Hmm there are some things that I miss, but it has to do specifically with Minneapolis. It was a unique melting pot; it was about an experience, people were taking risks artistically. We weren’t in Chicago or Detroit. We didn’t have a history to live up to, so we were writing our own history. It was this little island of creativity from which people like my contemporaries Dustin Zahn and DVS1 emerged. A small group of dedicated people stayed very true to the art. The focus was put on giving people an amazing experience with music, and that really burnt something into me. I miss this culture of sound systems – these monstrous speakers that would act as the walls of the venue with this body-rattling bass.

That sounds pretty massive.

In Europe people know what sounds great, but they don’t know what over-the-top feels like. It is a physical thing; it is immersive. It might be seen as too much by some, but maybe also because they haven’t tried it that way. I also miss the crowd response. I mean, here in Berlin we are spoiled.


I definitely see your point. I can imagine people being more grateful than here.

Well the people in Minneapolis that go out to techno shows were not only grateful, but hungry for it as well. They might have waited a month for the chance to go out in a dark warehouse location with a ridiculous sound system. That hunger translates to people dancing and screaming on the dancefloor. That positive feedback helps DJs create something intense.

With your unique perspective from pretty much every possible point of view in this scene, is there anything you regret or would change today?


I wouldn’t change anything and I am happy not to be in control of that. One thing I find funny though is this American dubstep thing. It makes me think, “Okay, now I am old enough that some new music is coming out and I don’t quite understand it. Haha. What are these kids listening to?” But at the same time I don’t have to listen to that. My only hope is that people have the chance to be exposed to underground music that they like. A lot of the music out there is just pushed onto people. Internet can give you access to so many things, but you have to know where to look.

What is the story behind the Nina Kraviz video?

It is a pretty crazy story. Briefly, Nina and a friend of David Terranova contacted me, and I wanted to do it but I had a flight on the day of the shooting. They were arriving the night before, so we decided to try something. I put in a ten-hour day at work, went back home, and started to pack my bag. Meanwhile David got stranded somewhere. Finally at 3 AM we all met, made a quick plan, and put it into action. We went to the M10 tram line, and Nina had this little Jambox speaker, but the Bluetooth connection wasn’t working. Basically I had to dance while Nina was out there in the cold holding her laptop so that I could hear the music. For an hour, I was running around and dancing with maybe sixty seconds in between takes, so I was pretty tired by the end. As soon as we had finished shooting I jumped into a cab to catch my plane to the US.

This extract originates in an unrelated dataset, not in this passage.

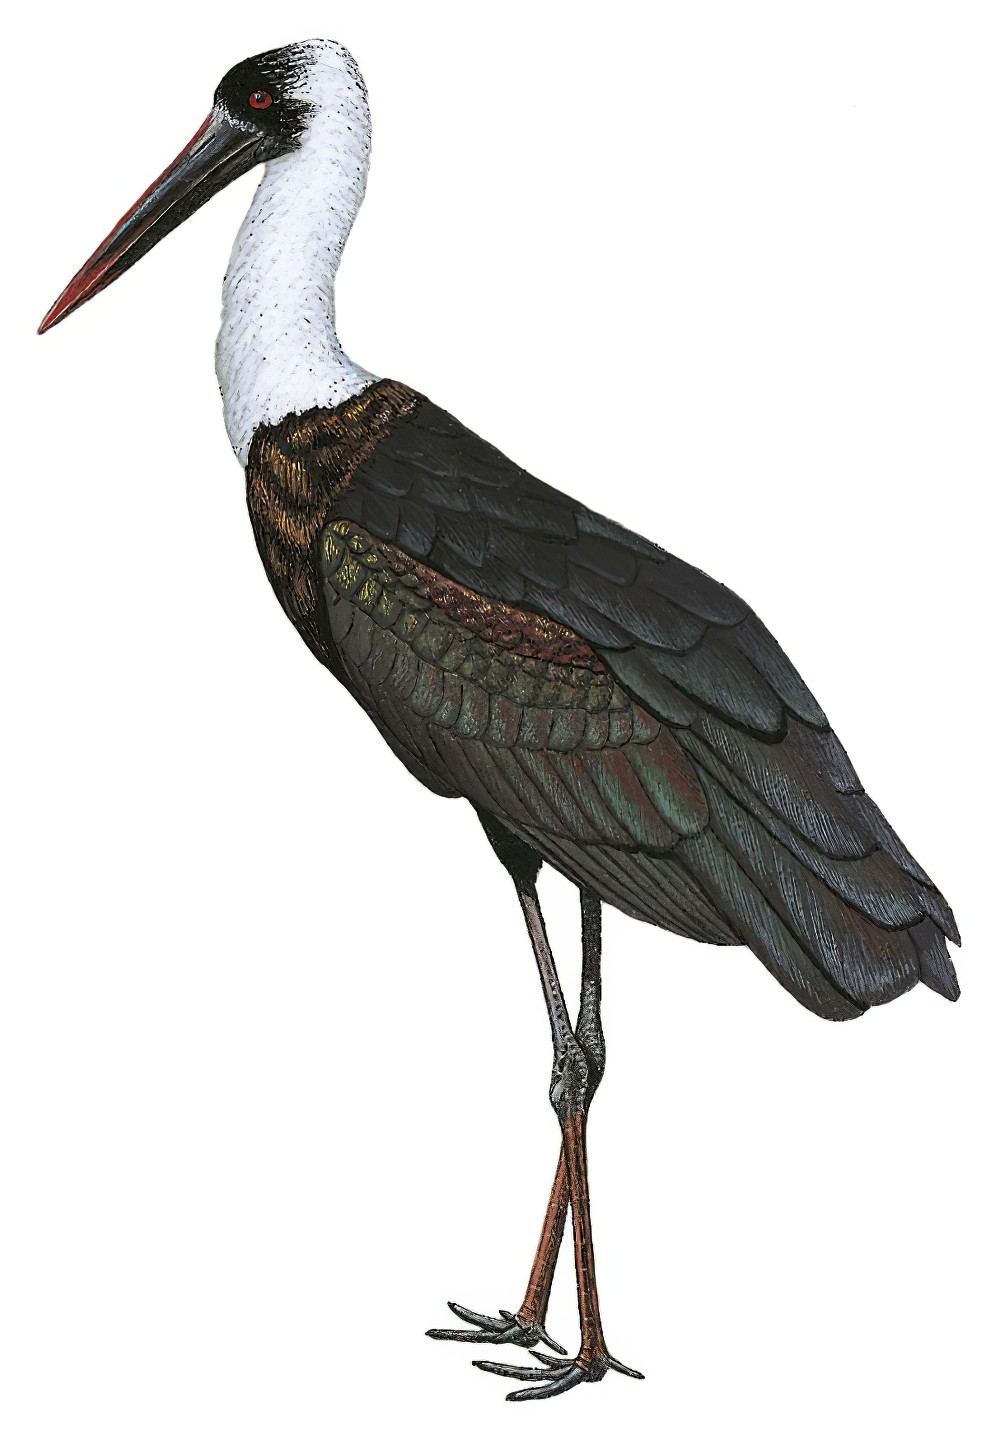 Woolly-necked Stork / Ciconia episcopus

Would you say being a dancer influences the way you make music?

Absolutely. In every way. The focus on the body, on the groove, the rhythm; I play music that makes me want to dance without forgetting my mind. I try to build it up, then give it a chance to breathe; the energy goes up and down. Here in this mix I went from relaxed things into something more hypnotizing and powerful. There is a fine line between being an entertainer and an artist. I like to try to be somewhere in the middle: true to my roots and the things I believe in, but also close to my audience.